Liefert die Stromversorgung mehr als den angegebenen Nennstrom, befindet sie sich im Power Boost-Betrieb. Die Stromversorgung sowie die angeschlossenen Verbraucher arbeiten normal, die Ausgangsspannung beträgt 24 V DC. Kommt es während dieses Power Boost-Betriebs zu einer weiteren Lasterhöhung, würde die 24 V-Versorgung einbrechen. Mit der präventiven Signalisierung kann frühzeitig reagiert werden und zwar bevor Fehler auftreten. Verursacht beispielsweise ein defekter Lüfter die Überlast, lässt sich dieser austauschen, noch bevor andere Verbraucher Spannungseinbrüche verzeichnen müssen.

Alle Netzteile erfüllen die hohen Anforderungen der Halbleiter-Industrie in Bezug auf Netzspannungseinbrüche Semi F47-200. Für zusätzliche Betriebssicherheit sorgen die dreiphasigen Netzteile durch ihre einwandfreie Funktion auch bei dauerhaftem Ausfall einer Phase sowie durch ihre hohe Überspannungsfestigkeit bis 6 kV dank eines integrierten Gasableiters.

Weitbereichseingänge sichern weltweiten Einsatz

Wer eine Maschine oder Anlage entwickelt, weiß oft nicht, wo diese später zum Einsatz kommt. Aus diesem Grund sind Weitbereichseingänge der Netzgeräte wichtig: Bei Stromversorgungen mit Weitbereichseingang muss keine Auswahl der Eingangsspannung getroffen werden. Nur auf diese Weise lässt sich die komplette Anlage an jedem Fertigungsstandort der Welt testen und ohne fehlerbehaftetes Umschalten der Eingangsspannung weltweit ausliefern.

Dies gelingt mit hochwertigen Bauteilen, insbesondere im Bereich der Schalttransistoren. Bei Geräten mit höherer Leistung ist zudem eine komplexere Schaltungstechnik notwendig. Die belastbaren Bauelemente sind für einen ausgedehnten Eingangsspannungsbereich ausgelegt, der die wichtigsten weltweiten Versorgungsnetze abdeckt: bei einphasigen Stromversorgungen Spannungen von 85 bis 264 V und bei dreiphasigen Stromversorgungen Spannungen von 3 x 320 bis 575 V sowie einem Frequenzbereich von 45 bis 65 Hz.

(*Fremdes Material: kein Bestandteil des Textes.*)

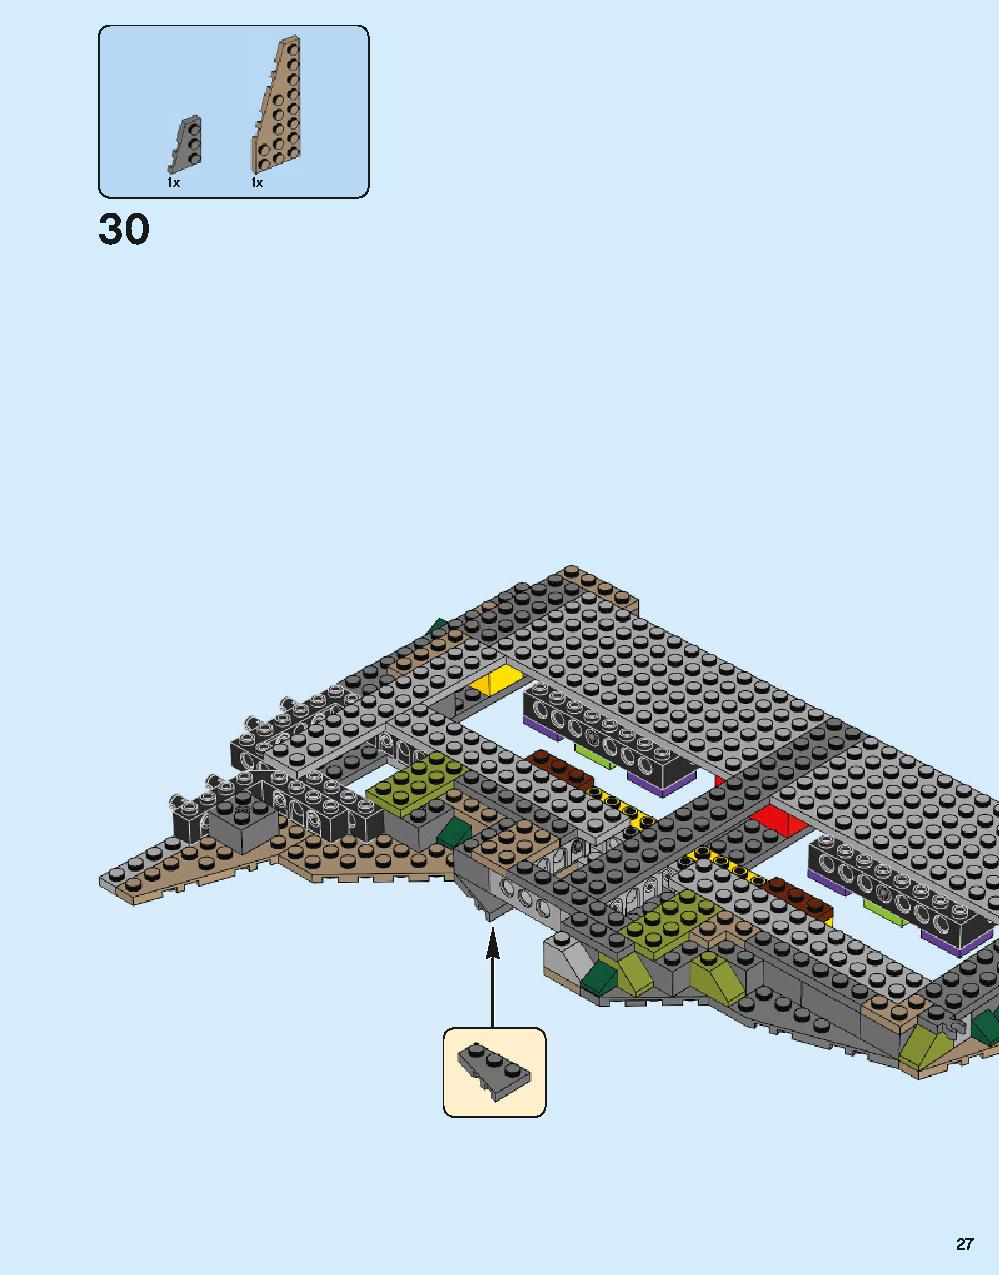 ホグワーツ城 71043 レゴの商品情報 レゴの説明書・組立方法 27 page

Die schmale Bauform der Netzteile spart teuren Platz im Schaltschrank: Die 3,5-A-Stromversorgung ist 32 mm schmal, die 5-A-Geräte 40 mm, die 10-A-Netzteile 60 mm, das einphasige 24 V/20-A-Modul benötigt 90 mm auf der Tragschiene und das dreiphasige 24-V/20-A-Modul 69 mm. Durch ein robustes Metallgehäuse sowie einen weiten zulässigen Temperatureinsatzbereich von -25 bis +70 °C sind alle Netzteile für den industriellen Einsatz optimiert. Die servicefreundlichen Combicon-Steckverbinder sind ein weiterer Vorteil.

Kommt es aufgrund langer Leitungswege zum Spannungsfall, zum Beispiel bei Verpackungsmaschinen, lässt sich dies über die einstellbare Ausgangsspannung von 18 bis 29,5 V ausgleichen. Dabei erweist sich die einfache Einstellung von der Vorderseite der Geräte als zeitsparend.

*Dipl.-Ing. Anja Moldehn-Kleinesdar ist Mitarbeiterin im Produktmarketing Stromversorgungen bei der Phoenix Contact Electronics GmbH, Bad Pyrmont.